Visual Summary | Toward Generalist Autonomous Research via Hypothesis-Tree Refinement

Summary (Overview)

Arbor is a general framework for Autonomous Optimization (AO) that enables an AI agent to iteratively improve a research artifact (codebase, pipeline, etc.) through long-horizon experimentation without step-level human supervision.
The core innovation is Hypothesis Tree Refinement (HTR): a persistent tree that links hypotheses, artifact versions, experimental evidence, and distilled insights, serving simultaneously as search frontier, long-term memory, and auditable research record.
A long-lived coordinator manages global research strategy over the tree, while short-lived executors test individual hypotheses in isolated git worktrees, returning structured evidence.
Arbor achieves the best held-out result on all six real research tasks (model training, harness engineering, data synthesis), with more than 2.5× the average relative held-out gain of Codex and Claude Code under the same budget.
On MLE-Bench Lite, Arbor reaches 86.36% Any Medal with GPT-5.5, the strongest result in the comparison; ablations confirm that both the hypothesis tree and insight feedback are critical for performance.

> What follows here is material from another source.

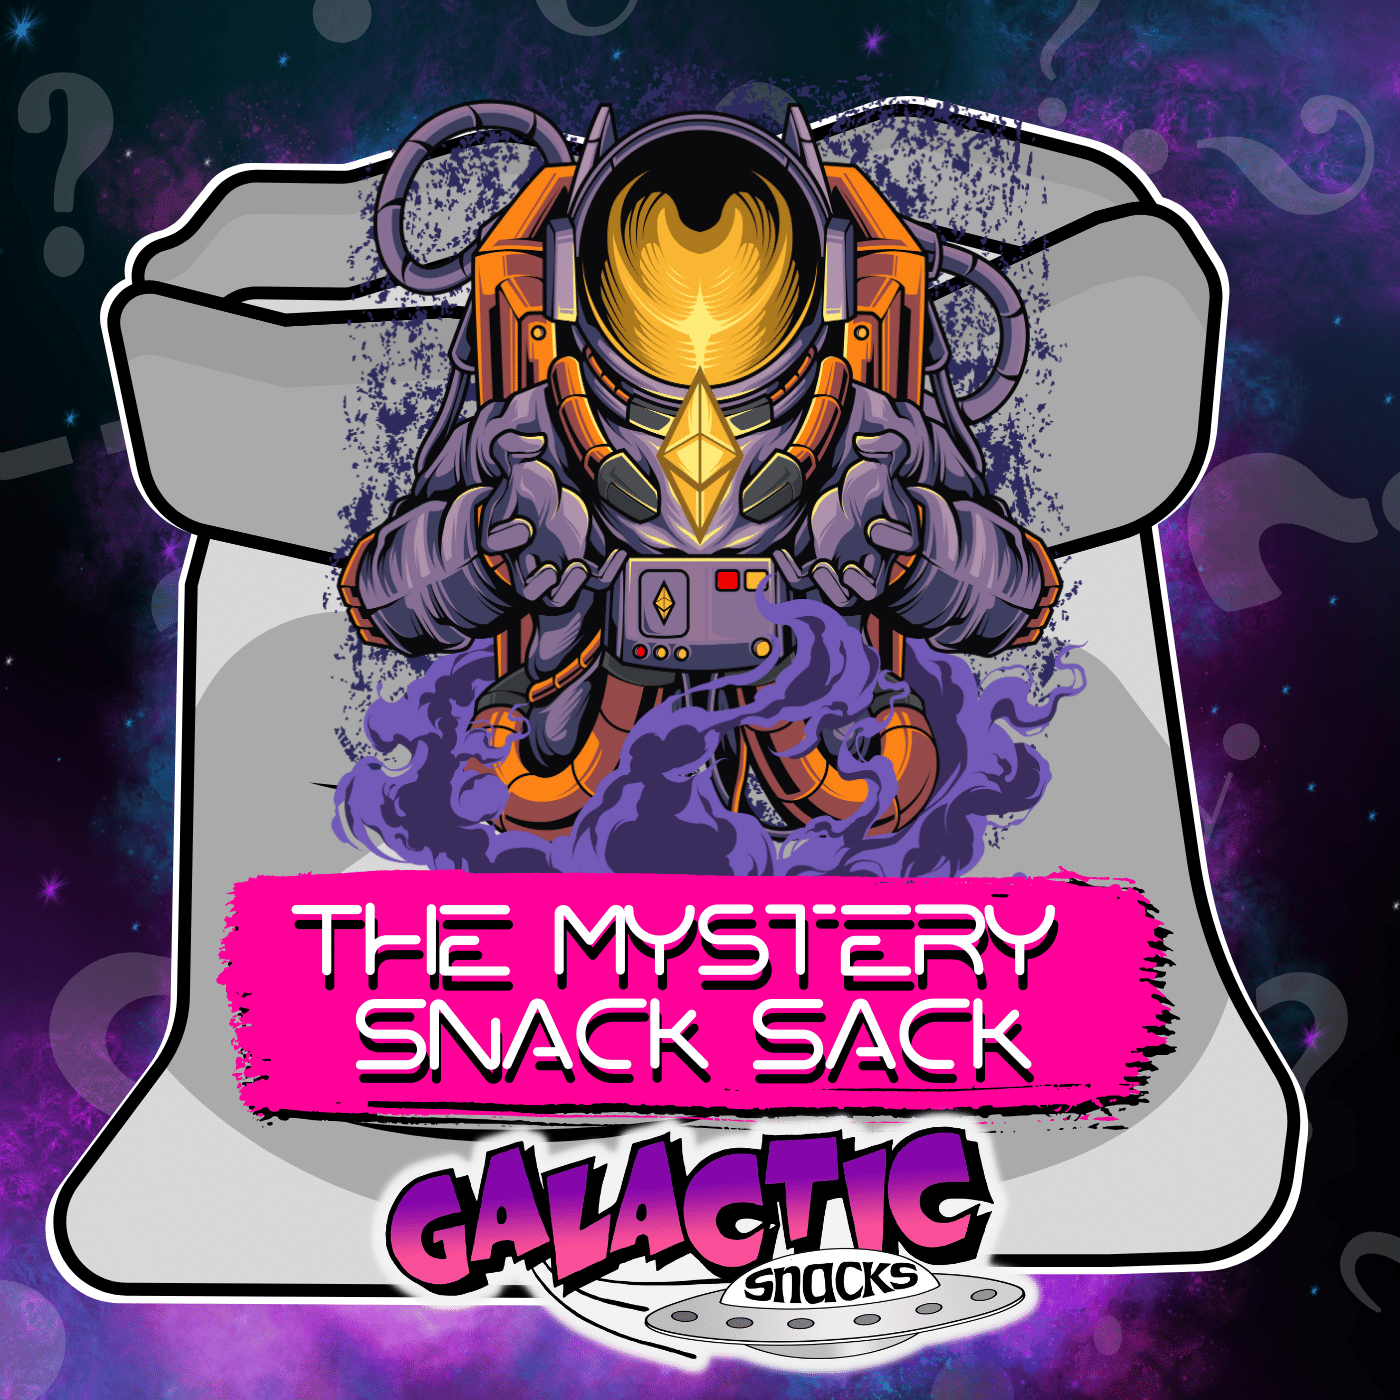 The Mystery Snack Sack

Introduction and Theoretical Foundation

Scientific research is a long-horizon human intelligence process: researchers form hypotheses, test them via experiments, interpret successes and failures, and let those lessons reshape future exploration. The paper formalizes this as Autonomous Optimization (AO), defined as a tuple:

\mathcal{P} = (M_0, \mathcal{O}, \mathcal{E}_{\text{dev}}, \mathcal{E}_{\text{test}})

where $M_0$ is the initial mutable artifact (codebase + data), $\mathcal{O}$ is the objective specifying improvement direction, $\mathcal{E}_{\text{dev}}$ returns feedback for free use during search, and the held-out $\mathcal{E}_{\text{test}}$ measures whether dev-driven improvement transfers. The agent aims to return:

M^\star = \arg\max_{M' \in \mathcal{A}} S_{\text{test}}(M')

subject to not using $\mathcal{E}_{\text{test}}$ as an exploration oracle.

Current systems (Codex, Claude Code) can execute long trajectories but lack a mechanism to make research cumulative: they treat each trial as an independent local attempt, losing the structure of competing hypotheses, evidence interpretation, and constraint accumulation. Arbor addresses this by making the research state persistent and operational through a hypothesis tree.

Methodology

Hypothesis Tree as Research State

Let $\mathcal{T} = (V, E)$ be a rooted hypothesis tree. Each node $n \in V$ is a research unit:

n = \langle h_n, \iota_n, \mu_n \rangle

Hypothesis $h_n$ : a verifiable/falsifiable claim about how to improve the artifact (coarse near root, concrete at leaves).
Insight $\iota_n$ : reusable interpretation of evidence; for leaves, summarizes what was tried and why; for internal nodes, abstracts over children's insights.
Metadata $\mu_n$ : connects to executable evidence — node status, dev score, factual result, git branch/commit reference.

The tree separates internal direction nodes from executable leaf nodes. After a leaf is executed, its score, result, artifact reference, and distilled insight are written back, and the insight is propagated upward via abstraction.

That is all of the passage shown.